Revolution: Russian art 1917-1932 review: A dense and difficult exhibition that rewards those who look beyond the red flags

 
Olivia McEwan
Revolution: Russian art 1917-1932
4.0

Revolution: Russian Art marks the centenary of the momentous turning point in Russian history, the October Revolution of 1917, with a monumentally packed survey of the complicated, politically charged visual art up to the suppression of the Avante-Garde by Stalin in 1932.


The bright red first room, filled with propaganda and state-sanctioned Social Realist painting, will bring back memories of history lessons on Lenin and the Bolshevik party.

Artworks with Lenin as a cult figure looming above the masses are rarely cited for their inspiring technical quality, but they provide a fascinating exploration of the intricately complex relationship between politics and art, adding colour to a period that can often be dry and impenetrable.

Clever curation shows the artistic challenges of this period go far beyond the broad lines of Social Realism vs Avante Garde. Usually seen in exhibitions concerning themes of pure art – as opposed to history – it’s a revelation to view Kandinsky, Malevich and Chagall in this context, their works displayed alongside Supremacist ceramics (check out the teacup decorated with cogs), food coupons and architectural models (there is even a mock-up of an apartment for ideal living designed by El Lissitzky in 1932). The overriding impression is of the density of conflicting ideals and purposes of the time.
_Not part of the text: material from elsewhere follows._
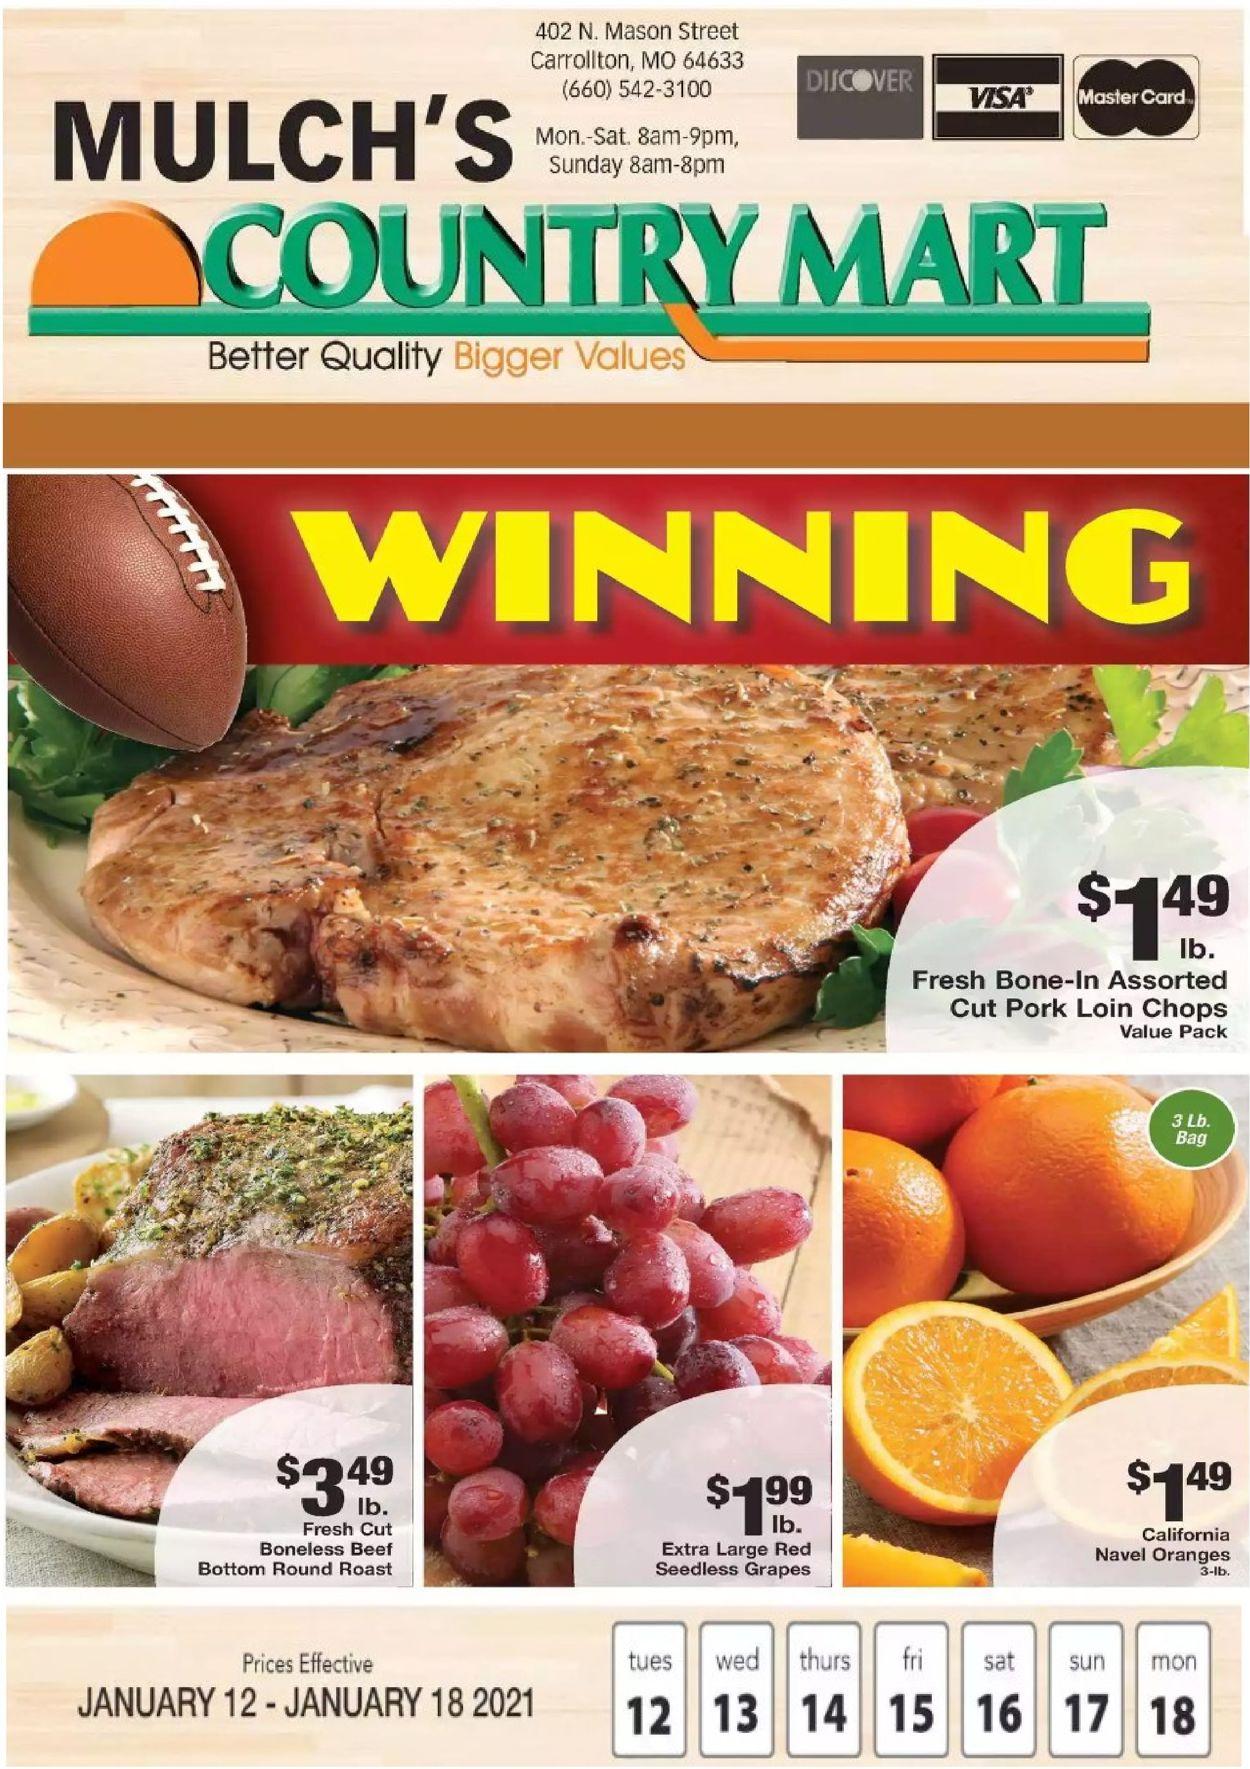 Country Mart Weekly Ad Circular - valid 01/12-01/18/2021

Monumental, extraordinary imaginings of industrial prowess and future prosperity contrast with nostalgic remembrance of the domes of traditional churches, or rural themes of village life. The state-sponsored ceramics such as twee sculptures of agricultural workers, contrast with sombre, folkloric paintings of the hardships faced by the peasantry, which illustrate the grim reality of Bolshevik agricultural policy and Stalin’s Five Year Plan. Following this, the hallucinatory works such as Chagall’s Promenade of 1918, which celebrated his delight following the Revolution, appear thoroughly moving.
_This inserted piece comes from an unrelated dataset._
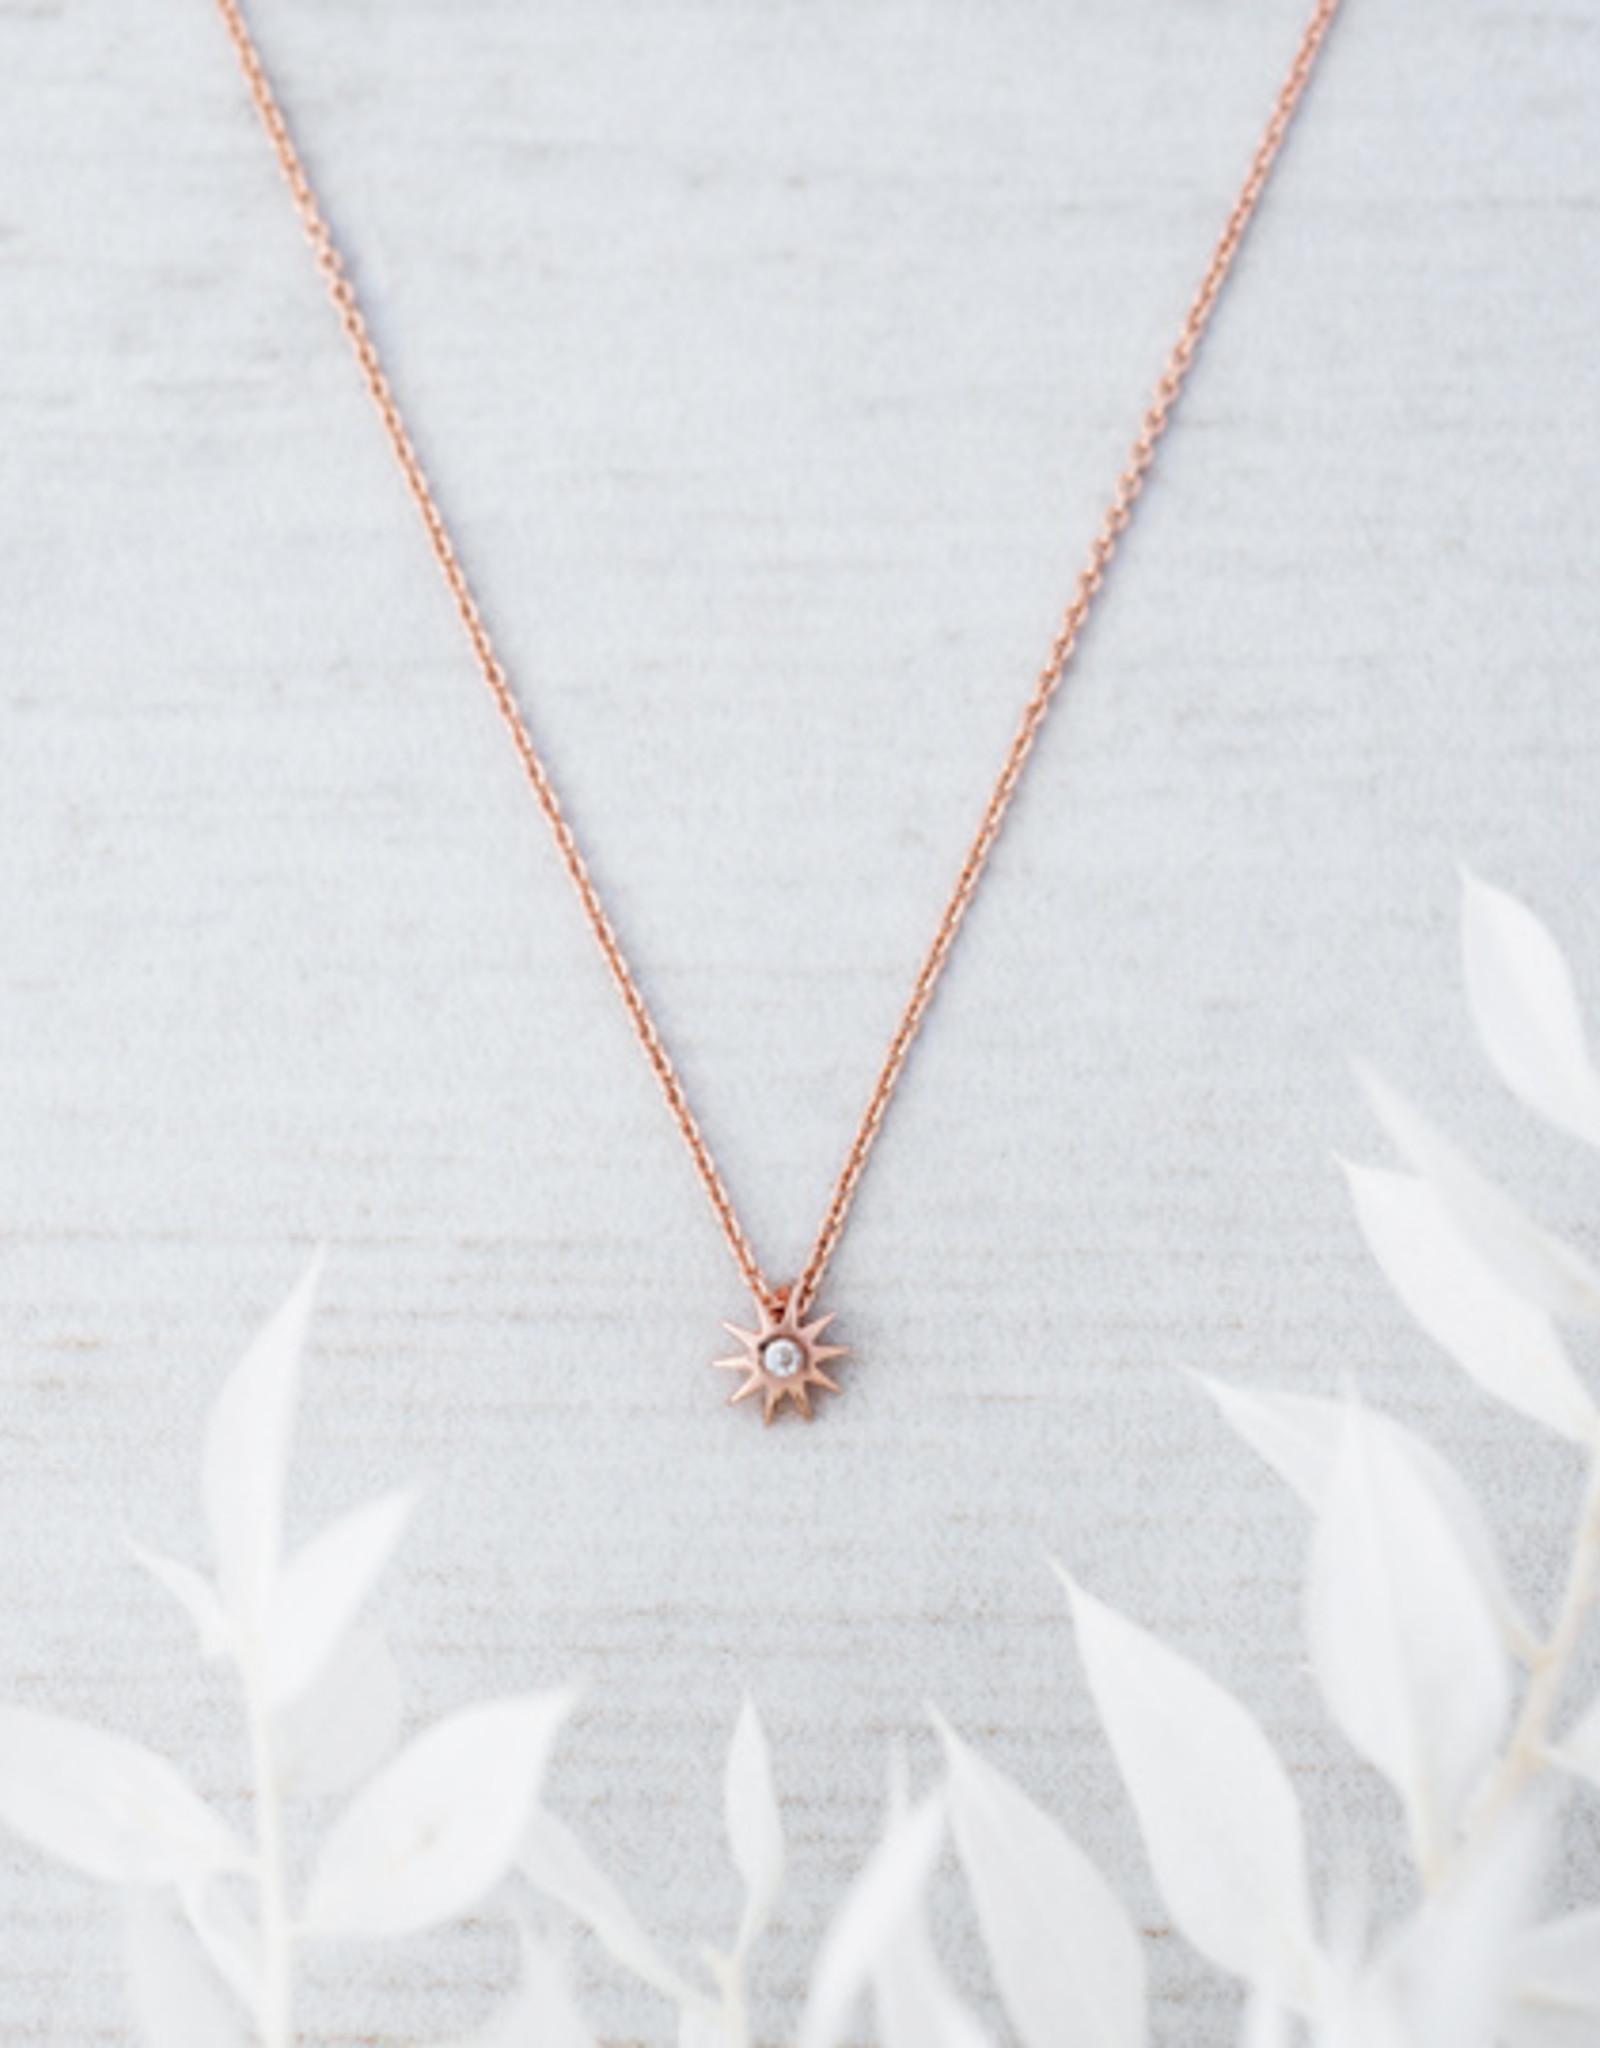 Rose Gold Starburst Necklace

The centrepiece is undoubtedly the recreation of Vladimir Tatlin’s constructivist glider, here twirling softly in the central room. Highlights also include the reconstruction of a display of 30 paintings by Malevich, originally shown in the state-sponsored Leningrad exhibition of 1930, a powerful alternative view to the purely academic hang by the Tate Modern in 2014, and an entire room devoted to little known Kuzma Petrov-Vodkin, whose magical red horse in 1925’s Fantasy is a curious yet compelling piece. It is a dense exhibition, but necessarily so for so complex a subject, and one that will reward those taking their time to absorb.